Arugula and Fig Salad in a Balsamic Vinaigrette

Been making this arugula, caramelized red onion and fig salad on repeat trying to get the most out of fig season while it’s still here! Finally honed the recipe at school the other day and the whole plate was gone! It’s very simple but full of flavor and great for fall! Here’s what you need:

Arugula and Fig Salad in a Balsamic Vinaigrette

INGREDIENTS


SALAD
1 box Organic Girl arugula or a couple of handfuls from the farmers market (rinsed and dried)
1 pint of figs, whatever variety you prefer 
I large red onion, thinly sliced 
1 tbs olive oil
1 tsp salt plus more to salt your greens 
1/2 CUP pecans


VINAIGRETTE
1/4 cup olive oil
2 tbs balsamic vinegar 
1 tsp maple syrup 
1 tsp mustard 
1 Small shallot minced 

INSTRUCTIONS


1. Preheat oven to 350F
2. In a small sauté heat olive on medium heat, add onions and turn heat to medium low. You want to caramelize the onions so they are nice and sweet and this takes times! Continue cooking onions low and slow, only stirring occasionally to let the sugars in the onion brown. This will takes at least 25 minutes, so start these ASAP and keep an eye on them while you prepare the other ingredients 
2. On a parchment lined baking sheet evenly spread pecans and toast until fragrant, 10-15 minutes. Once done set aside and let cool
3. Carefully slice the top tips off your figs and quarter them lengthwise. If they are smaller figs you can just cut them in half. 
4. While you’re waiting on your onions, make your vinaigrette! You can either throw all the ingredients in a high speed blender until emulsified or whisk my hand. If doing by hand, mix all vinaigrette ingredients together except for the olive oil. Slowing add the olive oil, starting one drop at a time, whisking constantly.
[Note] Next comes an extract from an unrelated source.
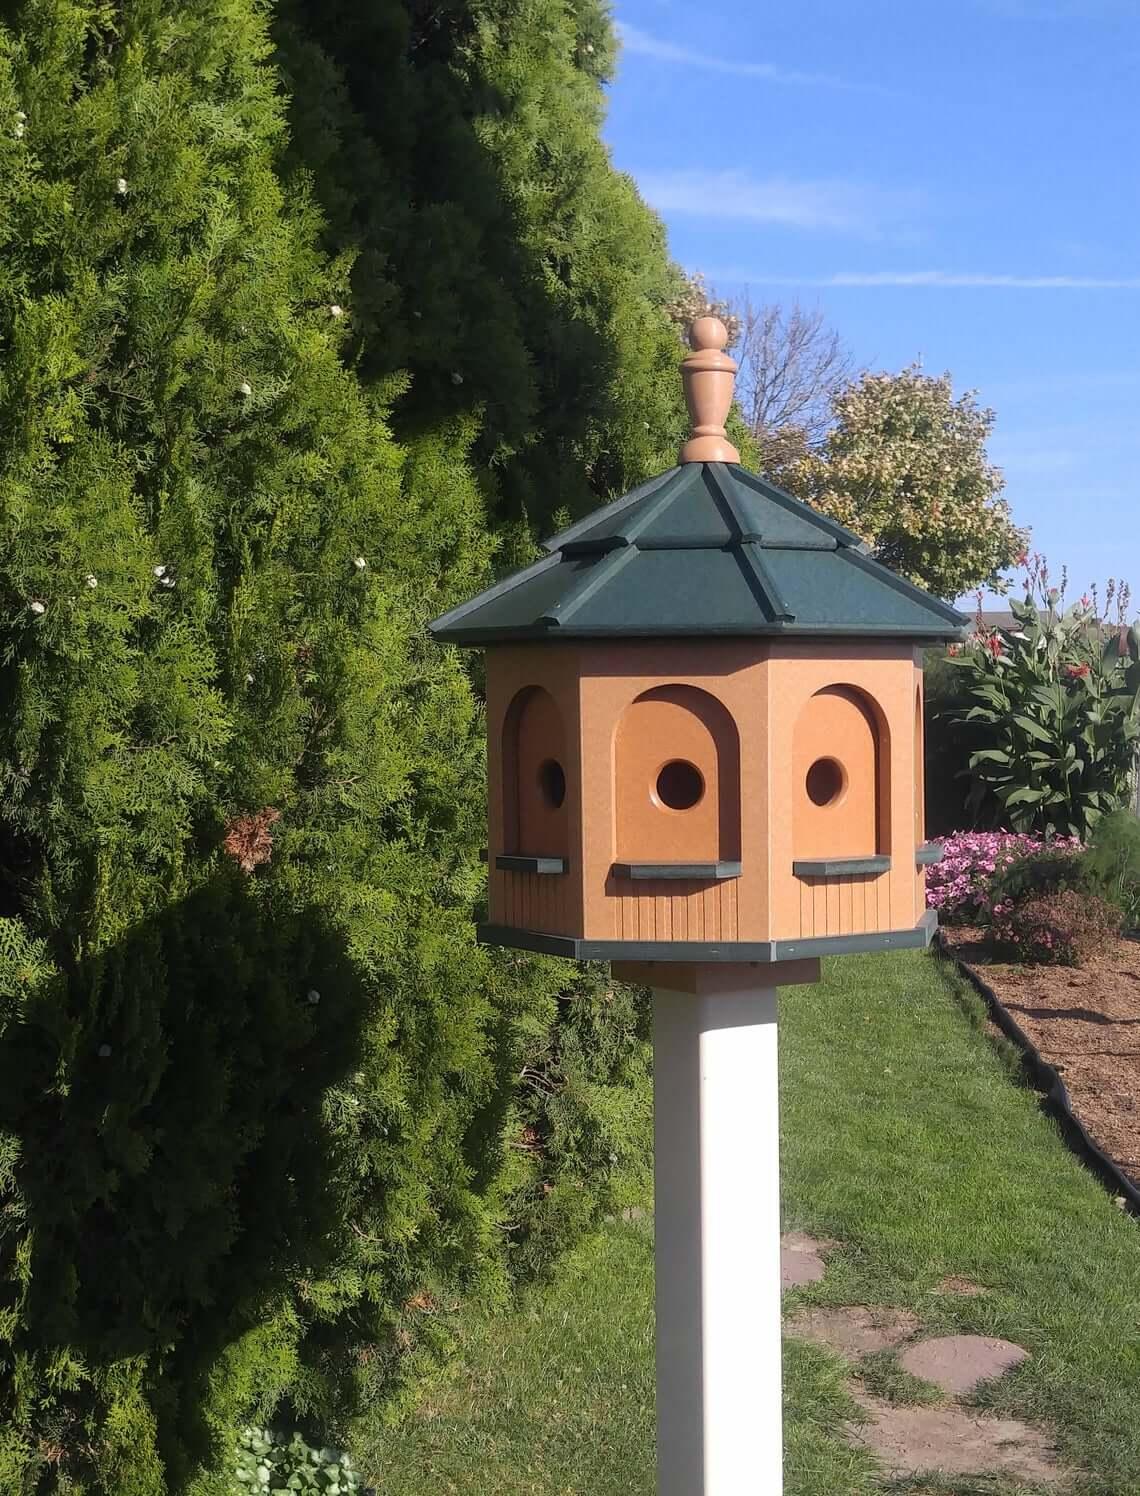 Extra Large Eight-Room Octagon Birdhouse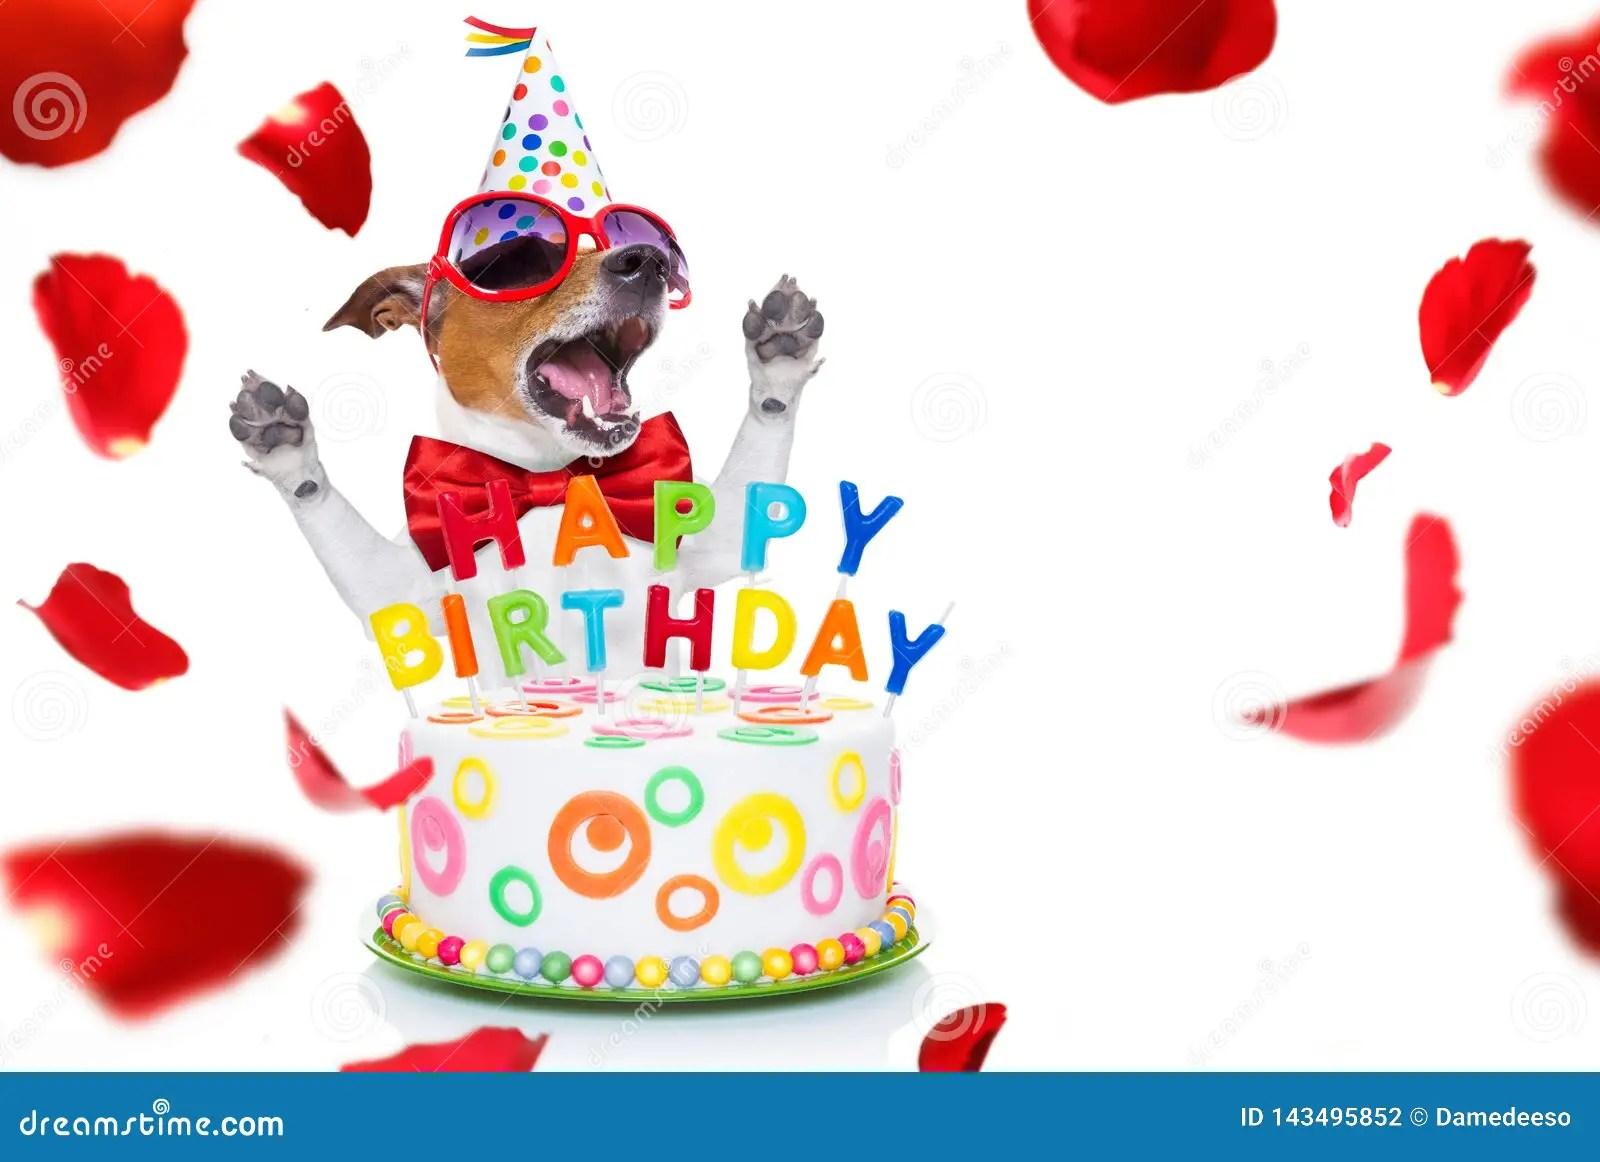 Happy Birthday Dog Stock Photo Image Of Laugh Funny 143495852

Once the olive oil and vinegar begin to emulsify you can add more olive oil, continue whisking until all oil has been combined. 
5. Once onions have caramelized set them aside and let cool for 5-10 minutes. Meanwhile roughly chop the pecans.
6. Now that all your ingredients are ready you can compose your salad! Arugula is a delicate leaf so this is a great salad to serve spread on a large plate or platter, rather than a bowl. First, evenly spread out arugula and lightly salt greens. Top with caramelized onions and arrange figs neatly on top. Sprinkle chopped nuts on top and when ready to serve delicately drizzle vinaigrette on top. Eat right away, it goes fast!